### Work required
Write out the data exactly from its first line onward, ending with the line in which "Hilfiger Sleeve T-Shirt" appears.

### Dataset records
● ● ● ● ● ● ●
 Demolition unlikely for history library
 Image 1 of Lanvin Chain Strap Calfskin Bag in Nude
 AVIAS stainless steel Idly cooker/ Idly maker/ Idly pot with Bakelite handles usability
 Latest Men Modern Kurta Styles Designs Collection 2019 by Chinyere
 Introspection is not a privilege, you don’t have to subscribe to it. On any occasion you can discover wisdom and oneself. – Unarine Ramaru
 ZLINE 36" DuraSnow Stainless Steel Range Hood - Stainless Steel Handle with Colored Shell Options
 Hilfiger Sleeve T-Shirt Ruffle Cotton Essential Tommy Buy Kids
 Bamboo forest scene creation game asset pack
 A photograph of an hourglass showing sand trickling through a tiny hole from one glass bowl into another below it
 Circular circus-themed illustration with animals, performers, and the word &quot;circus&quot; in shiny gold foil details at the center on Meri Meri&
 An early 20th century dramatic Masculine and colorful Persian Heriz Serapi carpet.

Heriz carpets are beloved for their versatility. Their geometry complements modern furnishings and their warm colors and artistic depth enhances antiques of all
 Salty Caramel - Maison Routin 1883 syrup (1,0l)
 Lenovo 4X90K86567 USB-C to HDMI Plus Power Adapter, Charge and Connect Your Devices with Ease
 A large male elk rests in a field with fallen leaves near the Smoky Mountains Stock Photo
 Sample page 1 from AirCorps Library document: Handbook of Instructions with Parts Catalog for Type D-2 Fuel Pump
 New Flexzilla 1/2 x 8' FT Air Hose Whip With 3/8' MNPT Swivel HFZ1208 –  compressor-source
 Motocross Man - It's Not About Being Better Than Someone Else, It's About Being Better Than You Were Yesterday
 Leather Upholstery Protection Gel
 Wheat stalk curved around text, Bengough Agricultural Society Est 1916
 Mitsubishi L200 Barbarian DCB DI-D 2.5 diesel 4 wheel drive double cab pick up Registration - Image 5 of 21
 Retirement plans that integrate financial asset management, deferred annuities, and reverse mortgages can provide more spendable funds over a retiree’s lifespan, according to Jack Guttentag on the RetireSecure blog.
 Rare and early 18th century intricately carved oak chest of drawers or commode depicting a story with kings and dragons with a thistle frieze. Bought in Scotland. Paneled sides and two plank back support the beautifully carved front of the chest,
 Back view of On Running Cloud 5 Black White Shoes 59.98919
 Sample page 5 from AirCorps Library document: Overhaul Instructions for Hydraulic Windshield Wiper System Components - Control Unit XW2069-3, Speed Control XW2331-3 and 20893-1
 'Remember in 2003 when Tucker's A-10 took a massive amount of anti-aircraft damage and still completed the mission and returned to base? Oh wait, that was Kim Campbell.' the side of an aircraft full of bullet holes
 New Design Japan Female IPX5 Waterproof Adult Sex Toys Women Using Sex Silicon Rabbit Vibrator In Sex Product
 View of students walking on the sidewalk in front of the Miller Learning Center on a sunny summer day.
● ● ● ● ● ● ●
### Expected answer
 Demolition unlikely for history library
 Image 1 of Lanvin Chain Strap Calfskin Bag in Nude
 AVIAS stainless steel Idly cooker/ Idly maker/ Idly pot with Bakelite handles usability
 Latest Men Modern Kurta Styles Designs Collection 2019 by Chinyere
 Introspection is not a privilege, you don’t have to subscribe to it. On any occasion you can discover wisdom and oneself. – Unarine Ramaru
 ZLINE 36" DuraSnow Stainless Steel Range Hood - Stainless Steel Handle with Colored Shell Options
 Hilfiger Sleeve T-Shirt Ruffle Cotton Essential Tommy Buy Kids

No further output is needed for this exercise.